Study 13, conducted between Aug 2000 and July 2006, investigated whether rectal artesunate (RAS) reduced mortality and permanent disability in patients thought to have malaria, could not be treated orally and would take several hours to access injectable treatment at a clinic. The study took place in 291 rural villages in Ghana, Tanzania, and Bangladesh, where patients were given either a rectal artesunate suppository or placebo before being referred to a clinic where the necessary treatment could be given. 

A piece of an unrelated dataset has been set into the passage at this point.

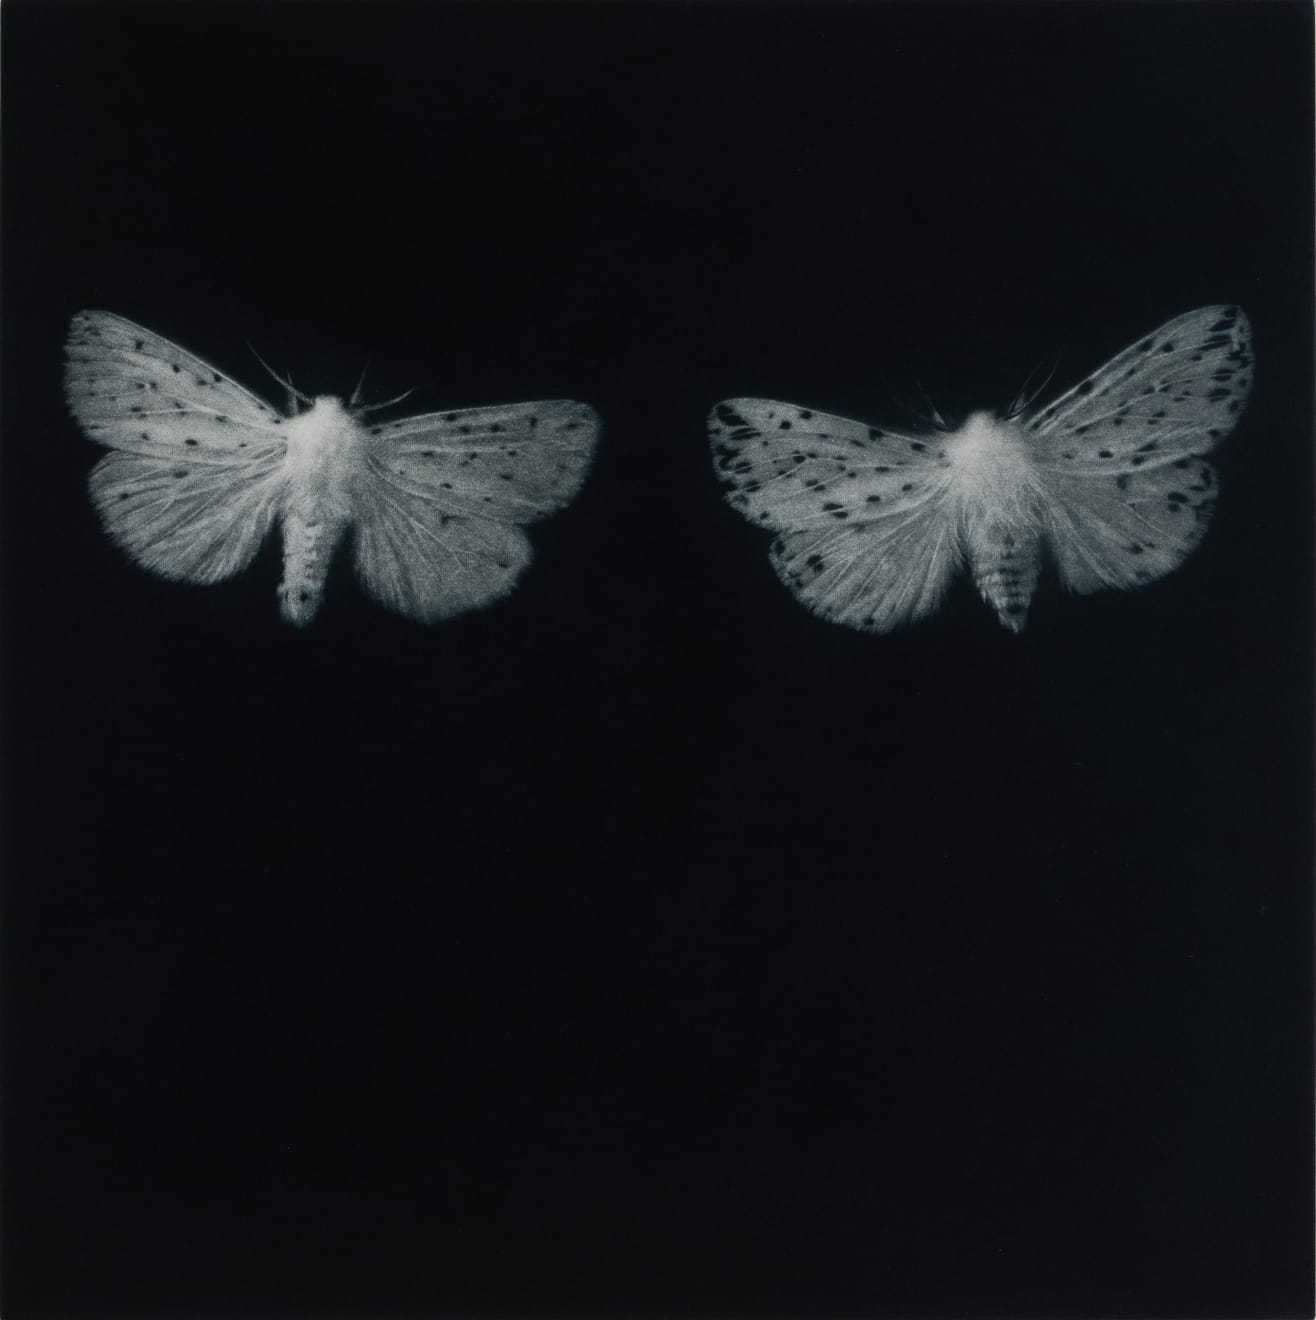 Sarah Gillespie, Ermine Moths, 2019

African patients were between 6-72 months and patients in Asia included all ages. 

Conclusions of study

  • Pre-referral rectal artesunate significantly reduced death or permanent disability in patients still not in clinic after more than 6 h, half of which were still not there after more than 15 h, (29/1566 [1·9%] vs 57/1519 [3·8%])

  • There was no reduction in early mortality (56 vs 51 deaths within 6 h; median 2 h)

  • In patients reaching a clinic within 6 h (median 3 h), pre-referral artesunate had no significant effect on the mortality rate or permanent disability (71/4450).

Overall, it was concluded that if patients with severe malaria cannot be treated orally and access to injections will take several hours, a single inexpensive artesunate suppository at the time of referral substantially reduces the risk of death or permanent disability.